You are viewing a plain text version of this content. The canonical link for it is here.
Posted to user@flink.apache.org by Alexander Smirnov <al...@gmail.com> on 2018/08/21 07:10:59 UTC

How do I investigate checkpoints failures

Hello,

I have a cluster with multiple jobs running on it. One of the jobs has
checkpoints constantly failing
[image: image.png]

How do I investigate it?

Thank you,
Alex

Re: How do I investigate checkpoints failures

Posted by Dawid Wysakowicz <dw...@apache.org>.
Hi Alex,

First thing to do in such cases is to analyze logs for jobmanager and
taskmanagers and look for exceptions there.

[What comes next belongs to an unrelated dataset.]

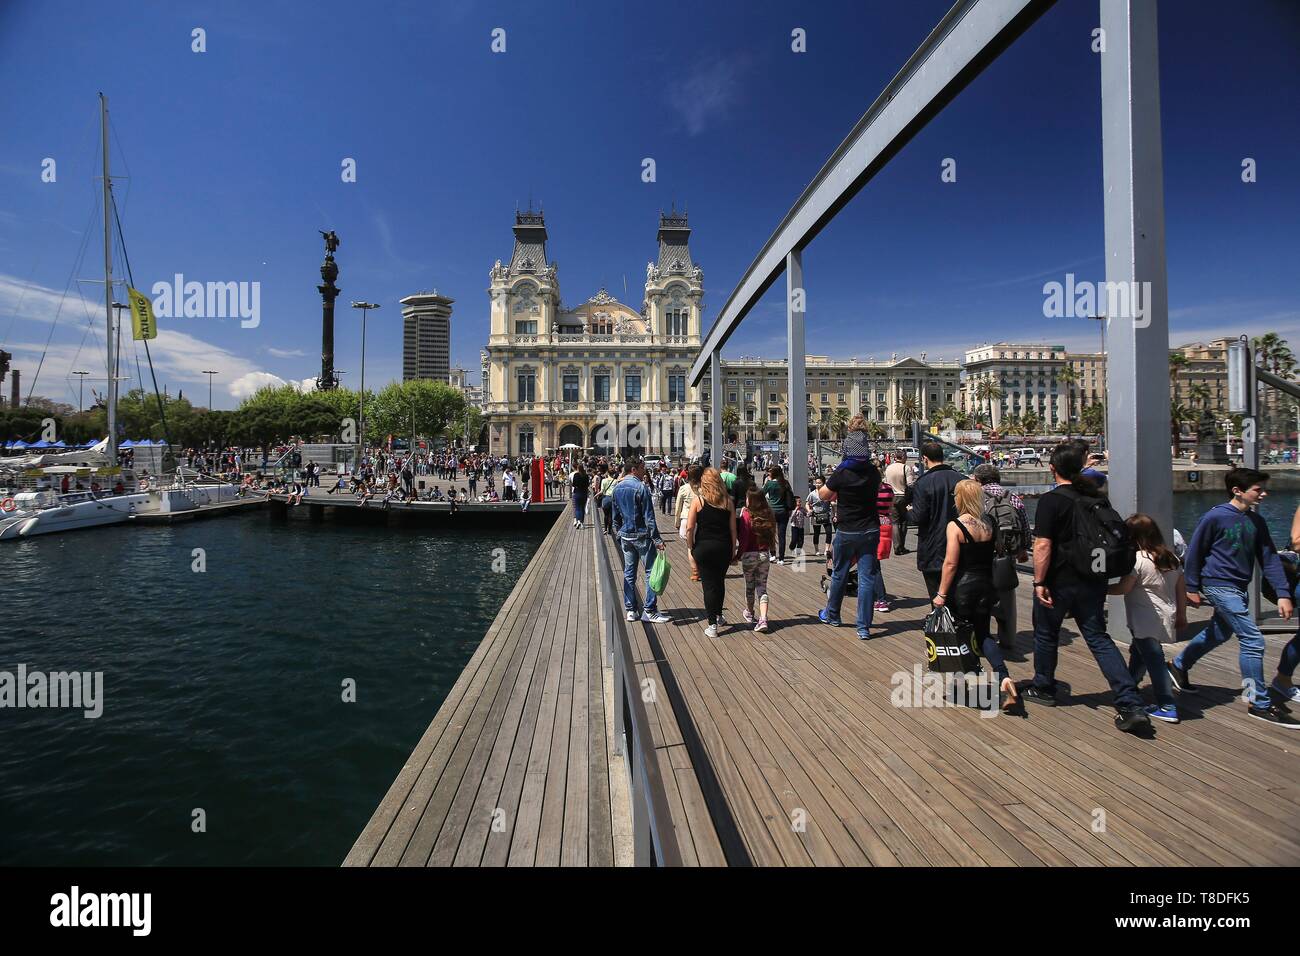 Espagne, Catalogne, Barcelone, &# x200b ;&# x200b;la Rambla del Mar passerelles, l'œuvre des architectes Helio Pi±¾n et Albert Viaplana à côté de Port Vell Banque D'Images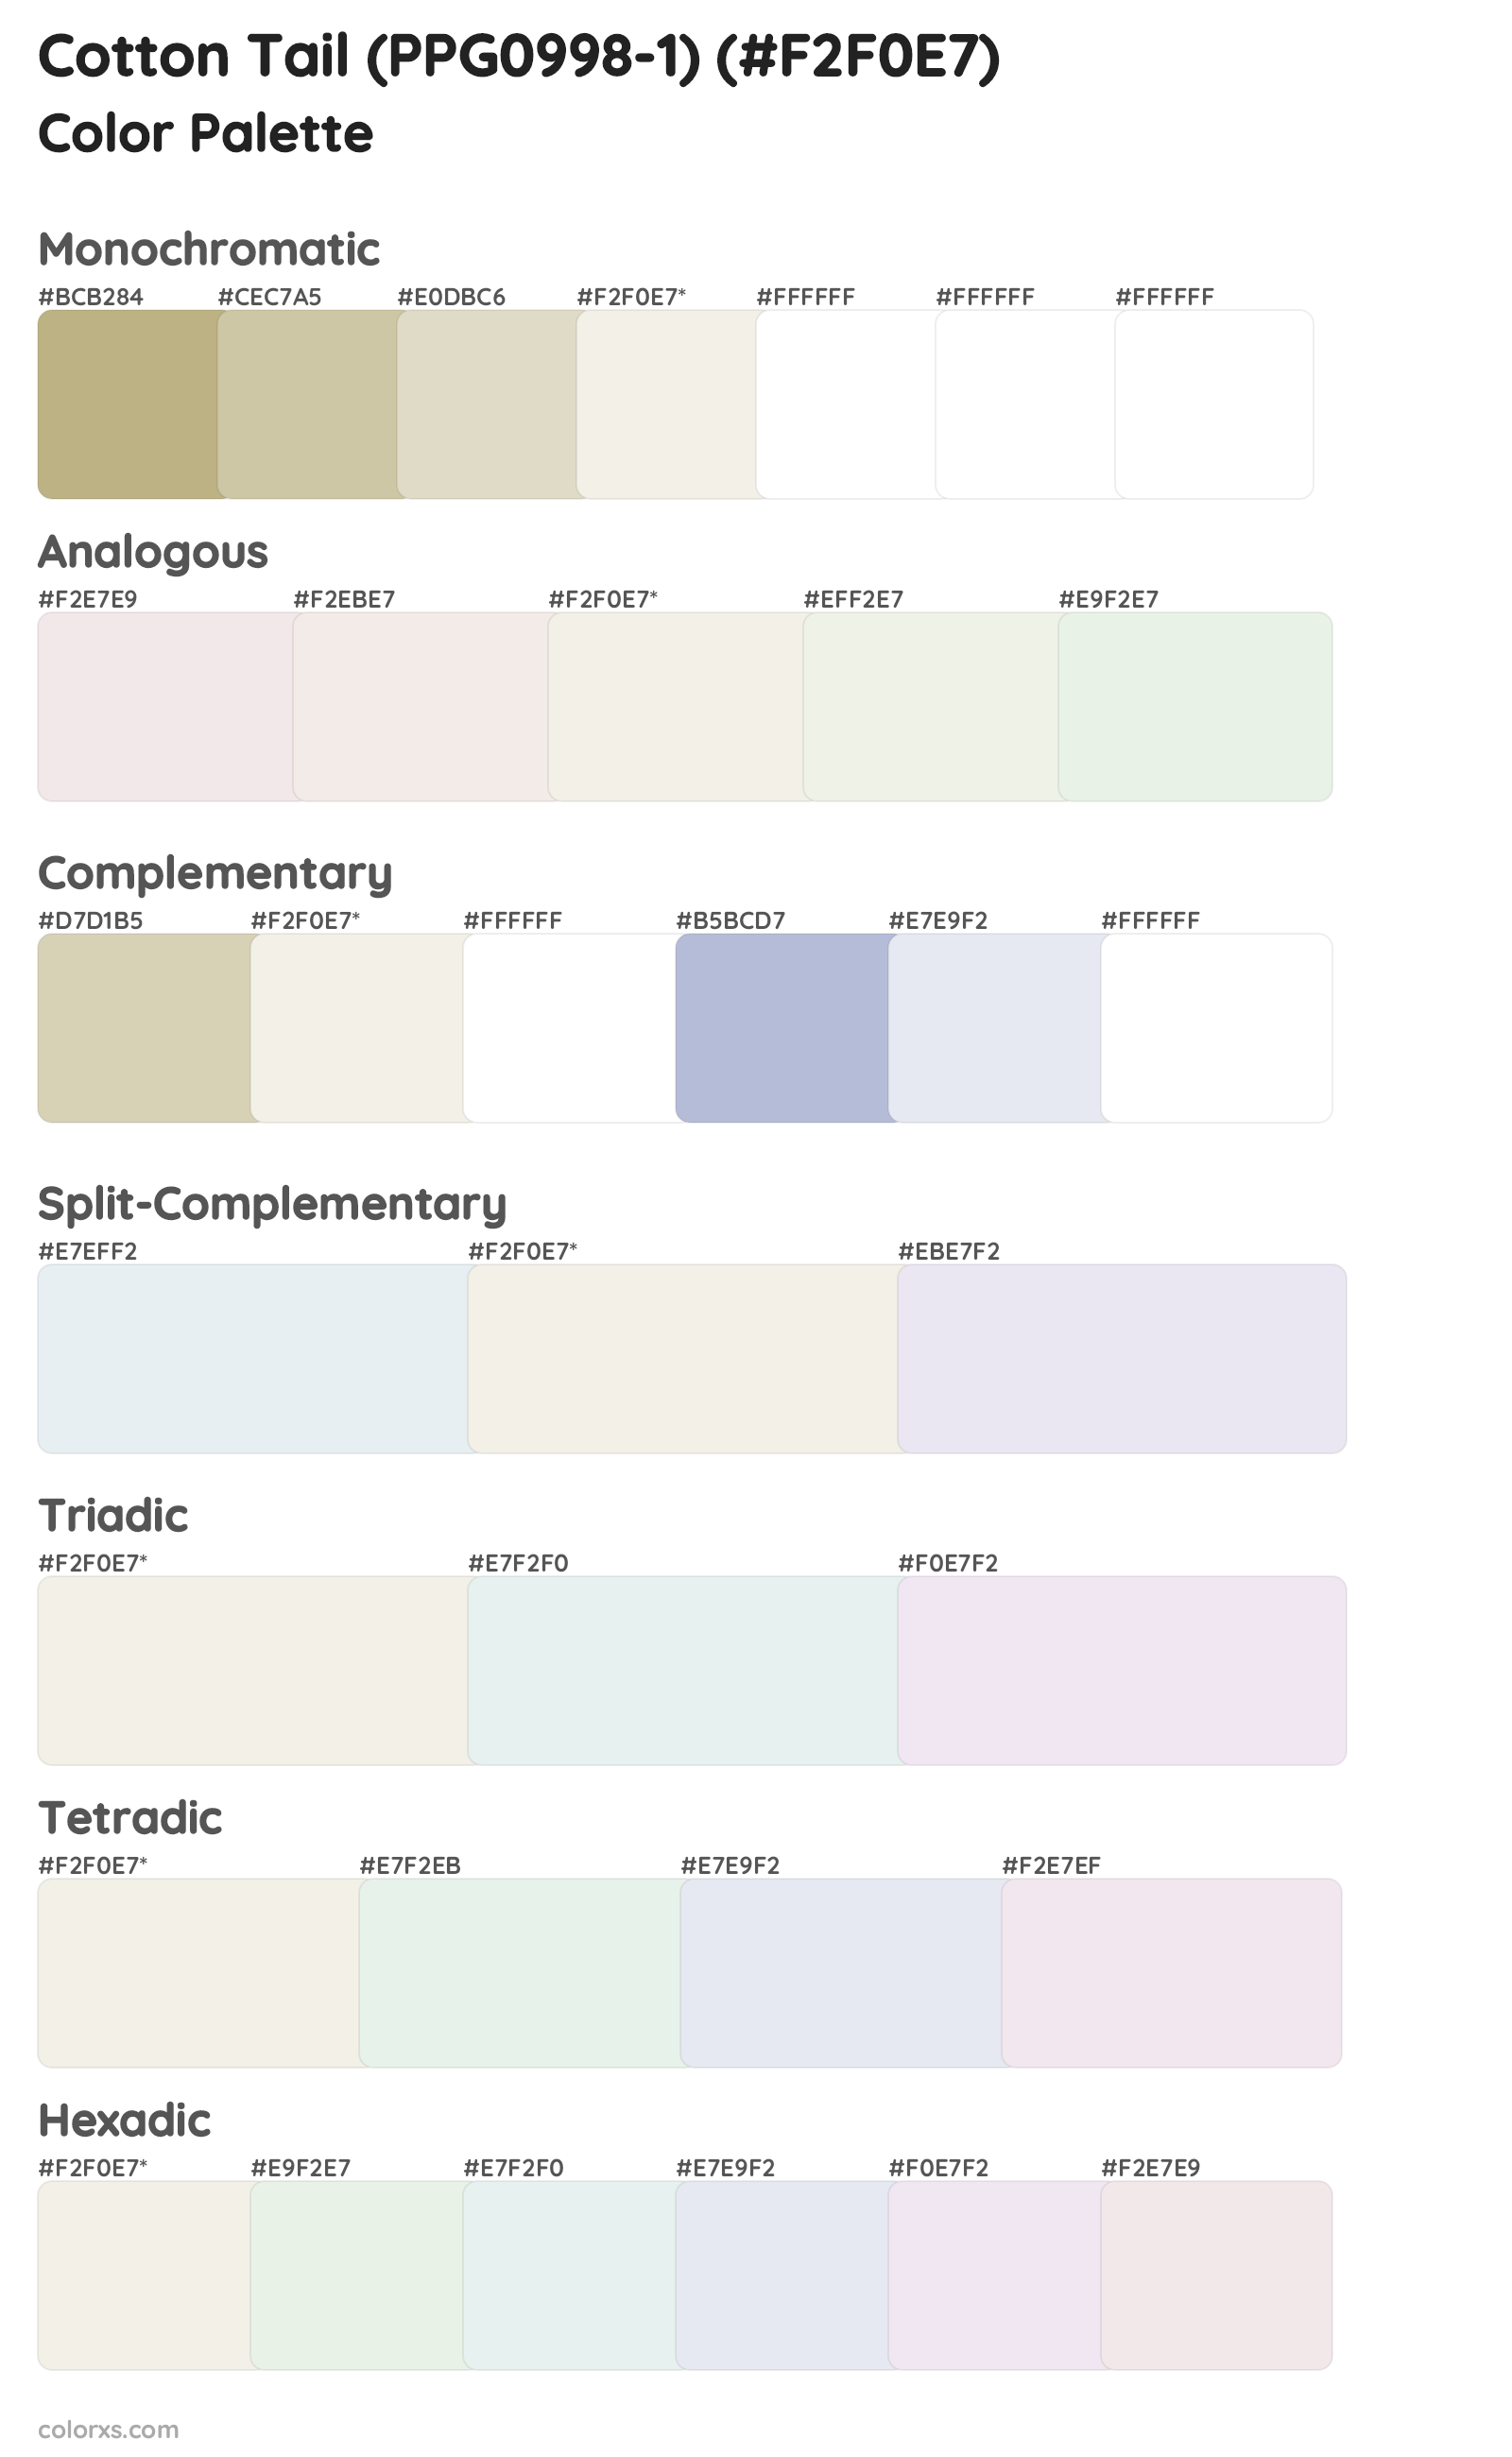 Cotton Tail (PPG0998-1) Color Scheme Palettes

The cause for latest failed checkpoint says the checkpoint expired. You
can try increasing the checkpoint timeout (you can check more
configuration options for checkpoints here [1]).

Best,

Dawid


[1]
https://ci.apache.org/projects/flink/flink-docs-release-1.6/dev/stream/state/checkpointing.html#enabling-and-configuring-checkpointing


On 21/08/18 09:10, Alexander Smirnov wrote:
> Hello,
>
> I have a cluster with multiple jobs running on it. One of the jobs has
> checkpoints constantly failing
> image.png
>
> How do I investigate it? 
>
> Thank you,
> Alex